To our knowledge, this is the first systematic review of rigorous impact evaluations of the Mexican SP. Other systematic reviews of similar financial protection mechanisms in other countries [12] have reported impacts on financial protection, health services utilization and health outcomes. Some studies found positive results with reduced out-of-pocket expenses, but negative results for catastrophic expenses [13]. In contrast, an Indian study found no protective effect on out-of-pocket spending but observed reduced mortality in insured compared to uninsured households [14]. A study that evaluated the impact of similar programmes in Asia and Africa found increased use of medical services and financial protection by reducing out-of-pocket expenses, but little evidence of a positive effect on the quality of care, and inconclusive effects regarding the empowerment of communities [12]. However, in contrast to our study, many of these reviews included qualitative or mixed-methods studies, and none considered rigorous impact evaluation methods as an inclusion criterion. Nonetheless, the reviews also found mixed results such as reductions in out-of-pocket expenses but adverse effects on catastrophic expenses [13]. Others showed no impact on financial protection but found reductions in mortality [14].

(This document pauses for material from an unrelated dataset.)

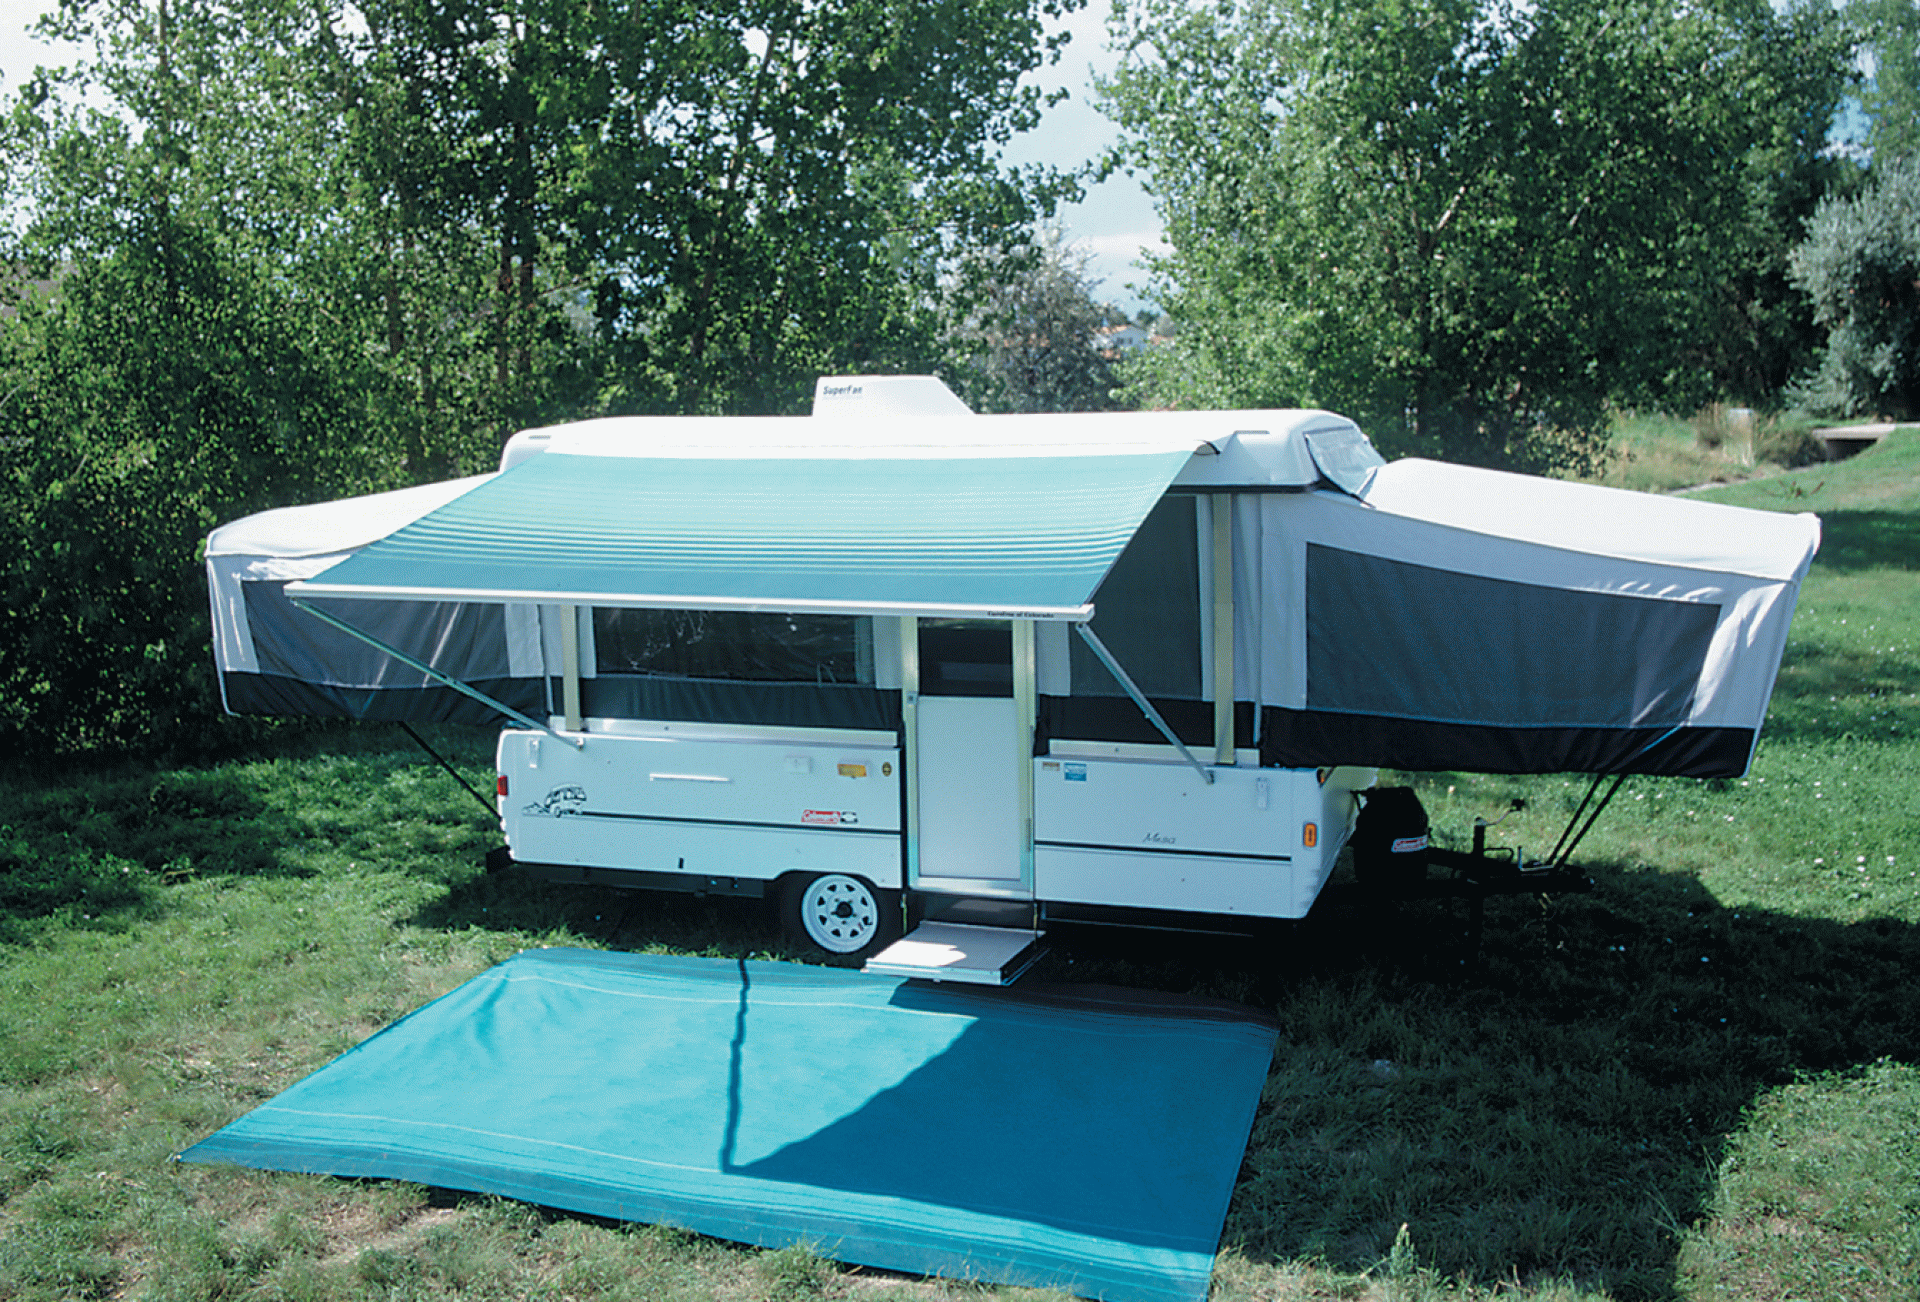 CAREFREE OF COLORADO | 981578C00 | Campout Awning Metric 4.0 Metric 13' 1" Teal Dune Stripe With White Bag

By 2018, affiliation to the SP reached 53.5 million people, 44.7% of the total population [5]. Affiliation, however, was not followed by an equivalent increase in supply [11]. A recent paper on this topic showed that despite this massive increase in coverage, 46.4% of affiliates to the SP reported using private services in 2018. These private options include medical offices in pharmacies that are not regulated; the quality of services has not been documented and is associated with higher out-of-pocket expenses [10].

One limitation of the study is that we could not summarize the findings using meta-analyses because of the considerable heterogeneity in outcomes and how they were measured (see Additional file 3).

Conclusions

In conclusion, the published papers that estimated the effects of the SP show considerable impact heterogeneity. Despite including only rigorous evaluations in our review, researchers were able to find statistically significant effects in 55% of the financial protection outcomes and 40% for healthcare utilization outcomes evaluated. Furthermore, except for one paper, no evidence exists on the impact of the SP on health outcomes or mortality.